There is a wide range of lengths, diameters and curls to suit every individual need and desire.
Lengths can range from 5 to 20 mm depending on the diameter of extension. Again you must use the size and length according to lash health.
When testing the weights of extensions they base the weight on a 12mm length extension. Keep this in mind when a client asks for longer. You will always need to drop diameters to compensate for the length increase. When choosing lengths make sure to remember you should never extend more than 80% of the length of the natural lash.
Volume lashing will never go beyond a 0.10 diameter but can go as low as 0.03
B Curl Is a very simple curl. Most like the natural eye and is only suitable for a round bulging eye.
J Curl is slightly curlier than a B curl and suits the round bulging eye also but much the same does not get used.
C Curl is the most universal curl. A safe bet for all eye shapes and best for learning to volume lash. It is a flattering and tasteful curl.
D Curl is one of the most curly lashes. It is a very bold and dramatic curl. Great for added drama but also used to LIFT the eyes! D curl is used for blending sets also. For the droopy eyes you would certainly add some d curl to lift up
L Curl is a great curl for straight lashes. It will also lift lashes and makes an excellent bond. It is trickier to fan an l curl and will take practice to be able to use smoothly
L+ Curl is also for downward/straight natural lashes. Monolid/hooded heavy eyelids will have a lift using this curl and will attach much easier than a c or d curl.
U curl / DDD curl which is the curliest of lashes. This is an extremely beautiful lift and bold extension for those wanting the most drama.
It is always wise to mix curls. Get to know the eye shape. Look for symmetry and these curls can help balance. It will take practice but is essential to a perfect set.
Faux mink lash extensions are ⅔ tapered. Usually a semi matte finish most natural looking and also slightly lighter in weight than a silk lash
Silk lash extensions ⅓ of the lash is tapered and provides a semi gloss dark finish.
There are many methods to lashing and you will find the one that best suits your needs.
An example of a textured set:
Always use the tighter curl for texture! Texture makes for a beautiful set. It makes the set look fuller and blended. You don't need to use different curls to do texture but it is always important to have the texture in the under layer.
A tape back method is the best way to access the under layer (the part we see when looking into the mirror). By doing this at the beginning of a set not only do you get the little hairs out of the way saving time later on but you also get your texture out of the way as well as getting the most visual part of the set out of the way incase of being on a time crunch.

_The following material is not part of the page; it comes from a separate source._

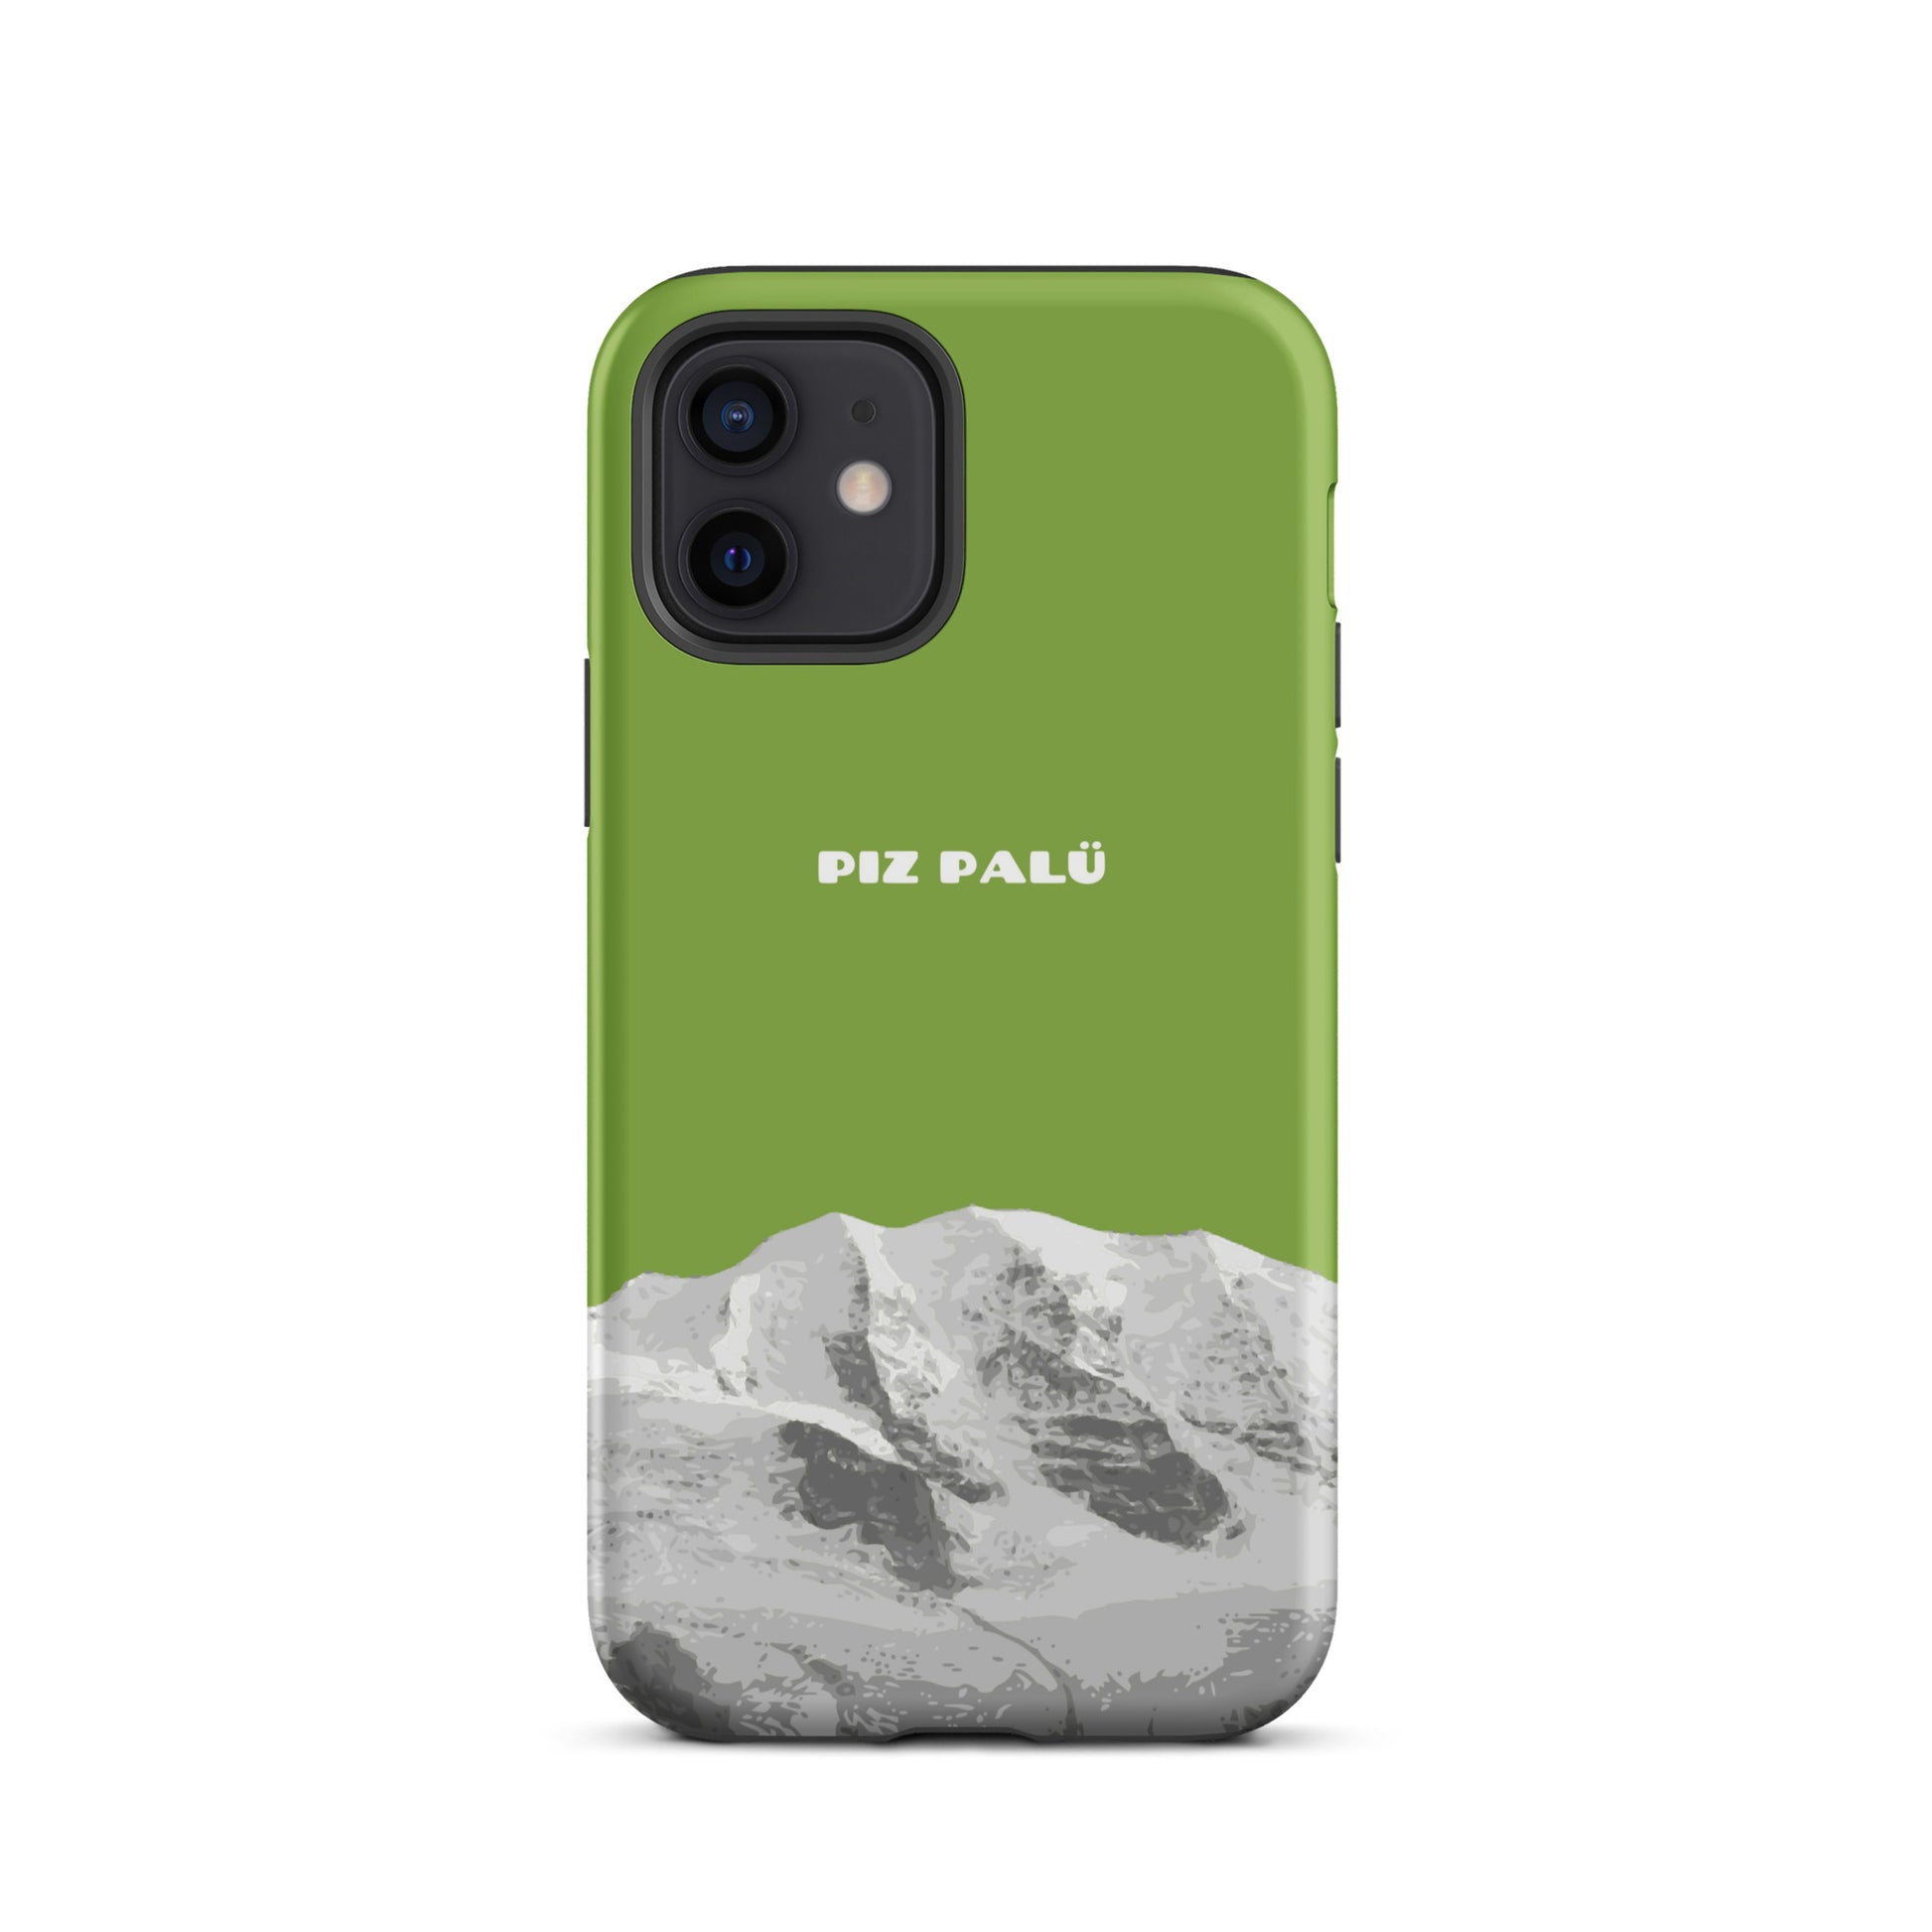 Hülle für das iPhone 12 von Apple in der Farbe Gelbgrün, dass den Piz Palü in Graubünden zeigt. 
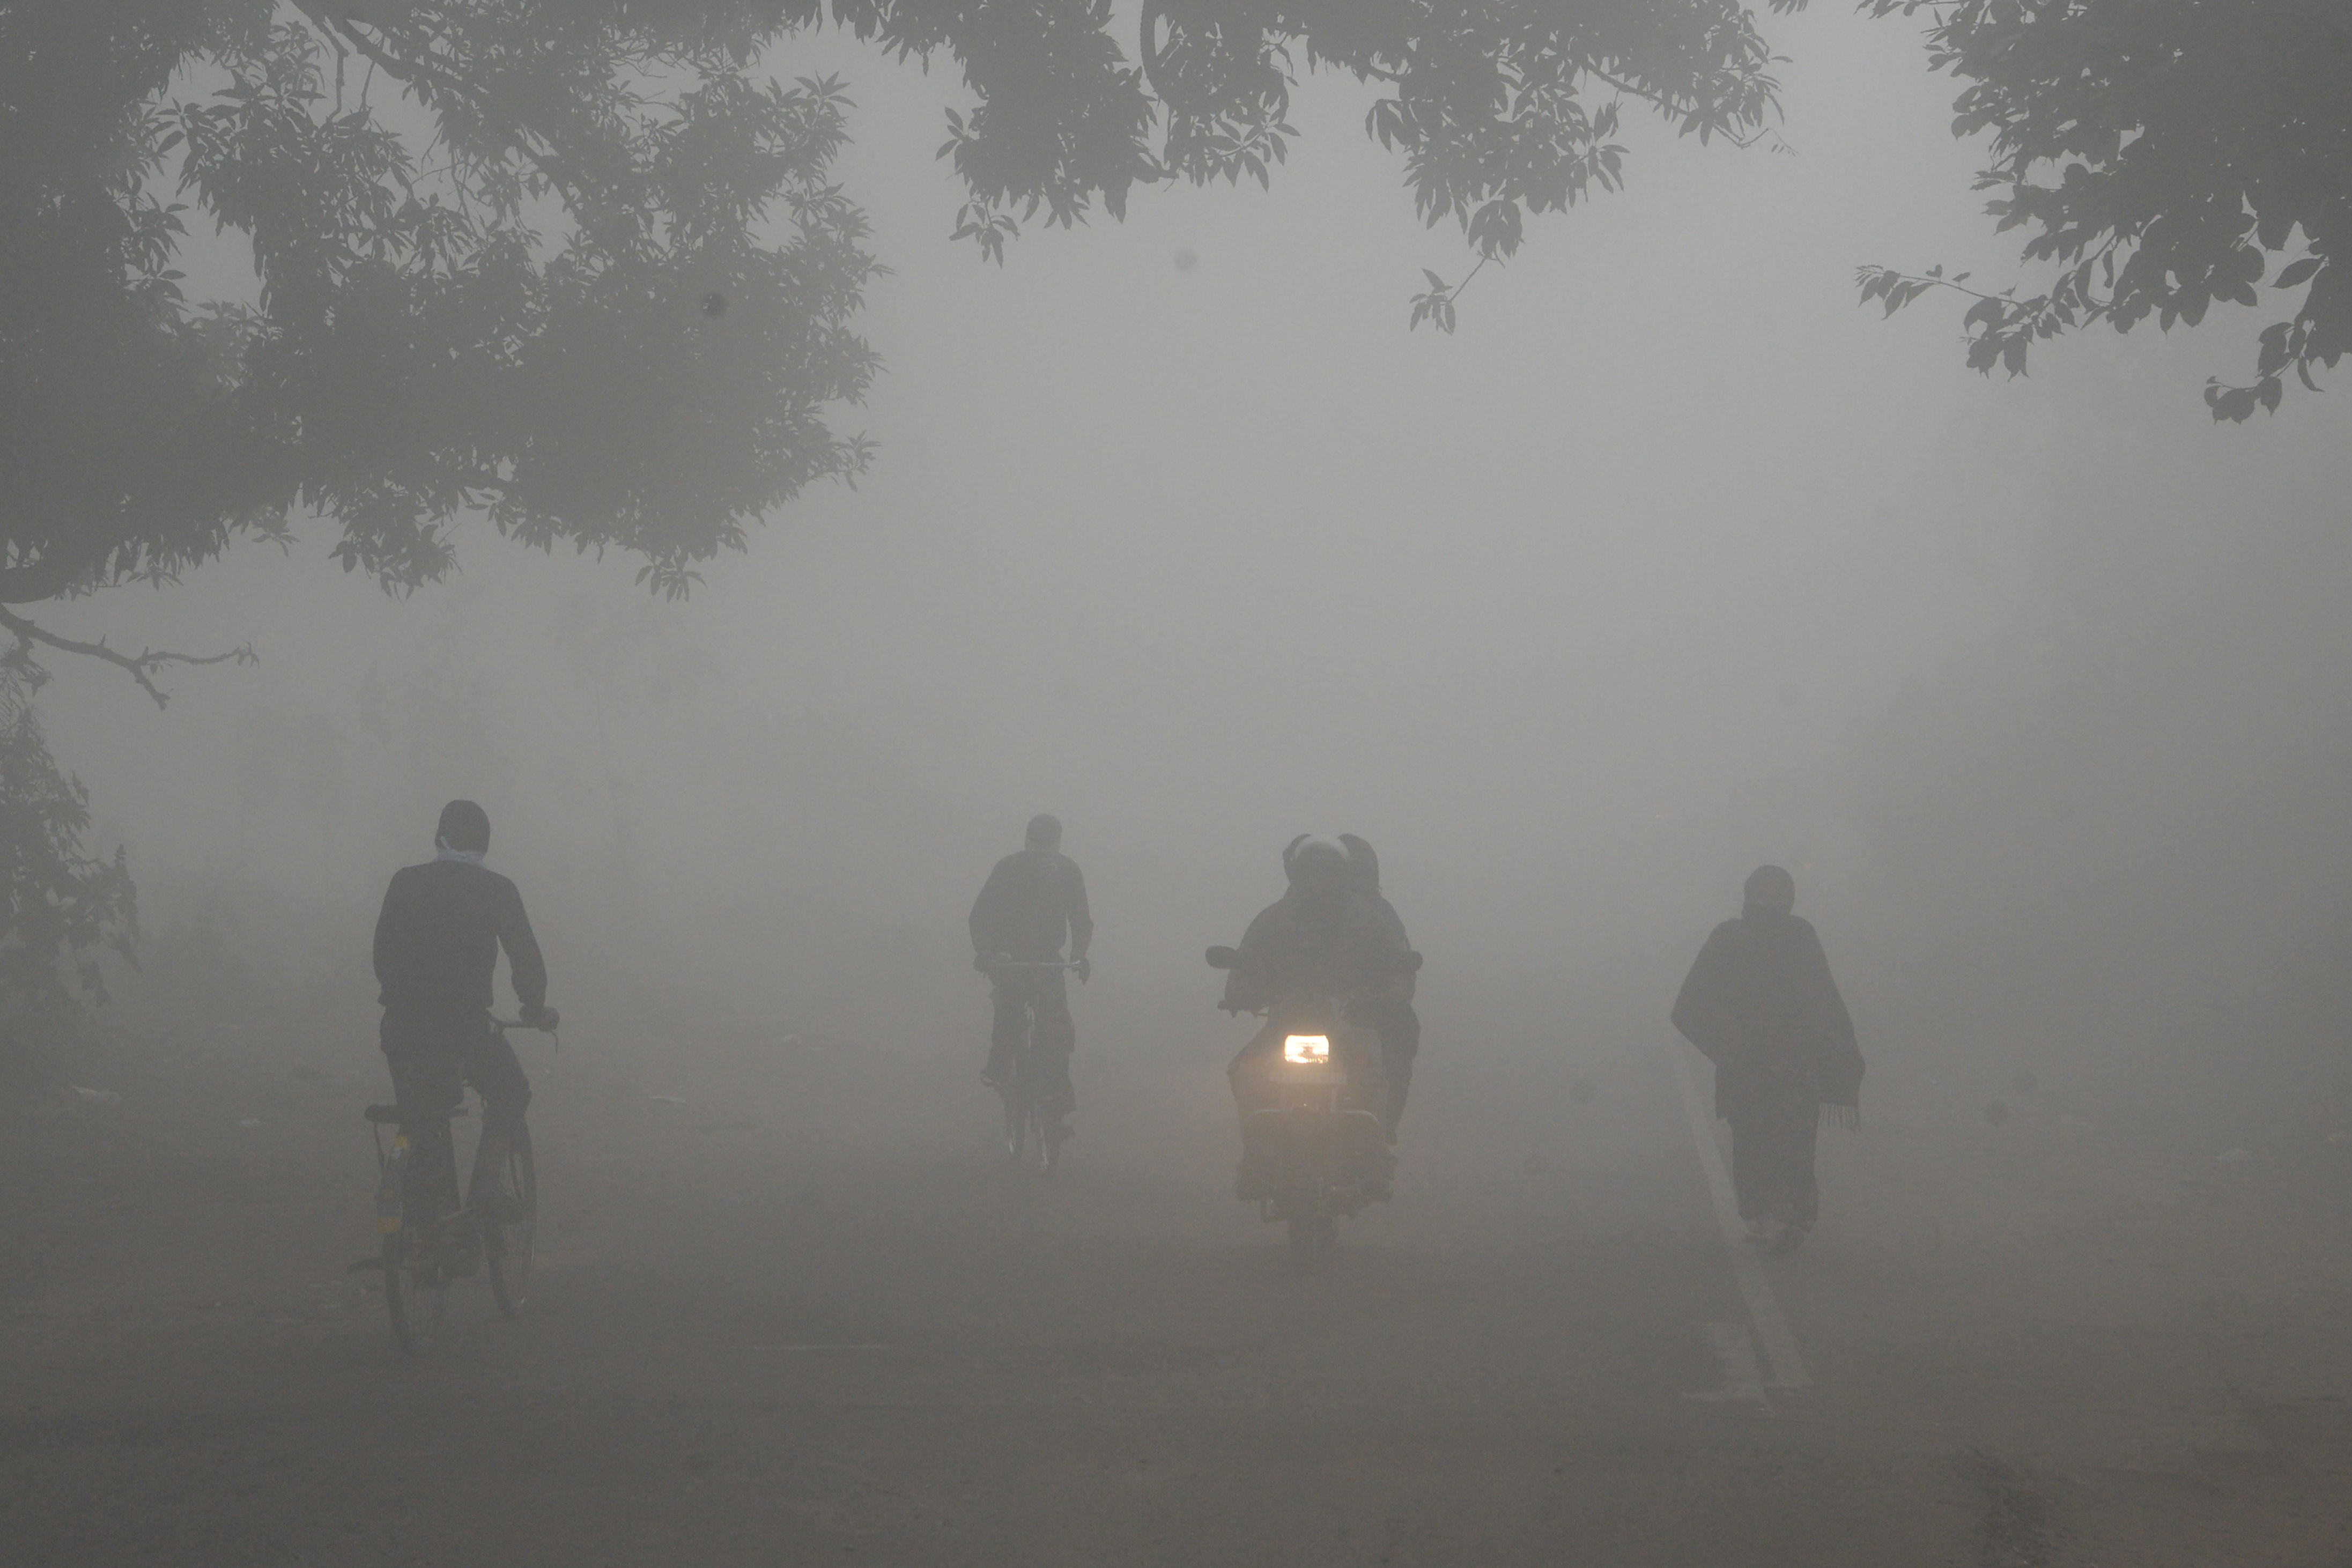 Delhi wakes up to dense fog

Say you wanted to use C for inner and outer eye but a D curl for the body you will need to skip a size in curl due to the tighter curl of the D.
For example: 9c,10c,11c,13d,12d,10c
A 9c will look longer than a 9d due to the tight curl of d so you always need to skip a size if transitioning from C curl to a D curl to compensate.
Here you will see lash curls that compliment each other! Often I use C on the inners and CC or D on the middle to outer.
Make sure to assess the client lashes prior to choosing your lash sizes. Where most clients will be ok with a 0.07 many woman can only handle a 0.05 extension. The set will still look perfect going down in size. It's always better to be cautious than to have a client blame your for any damage.
Our lashes are always at different stages of growth. That is why texturising is so important.
You will always use finer shorter lashes on young growth and use your main length for the drama. For example
In a 6d set you would put 4-6d on the long strong lashes while the younger lashes will only get 2-3d.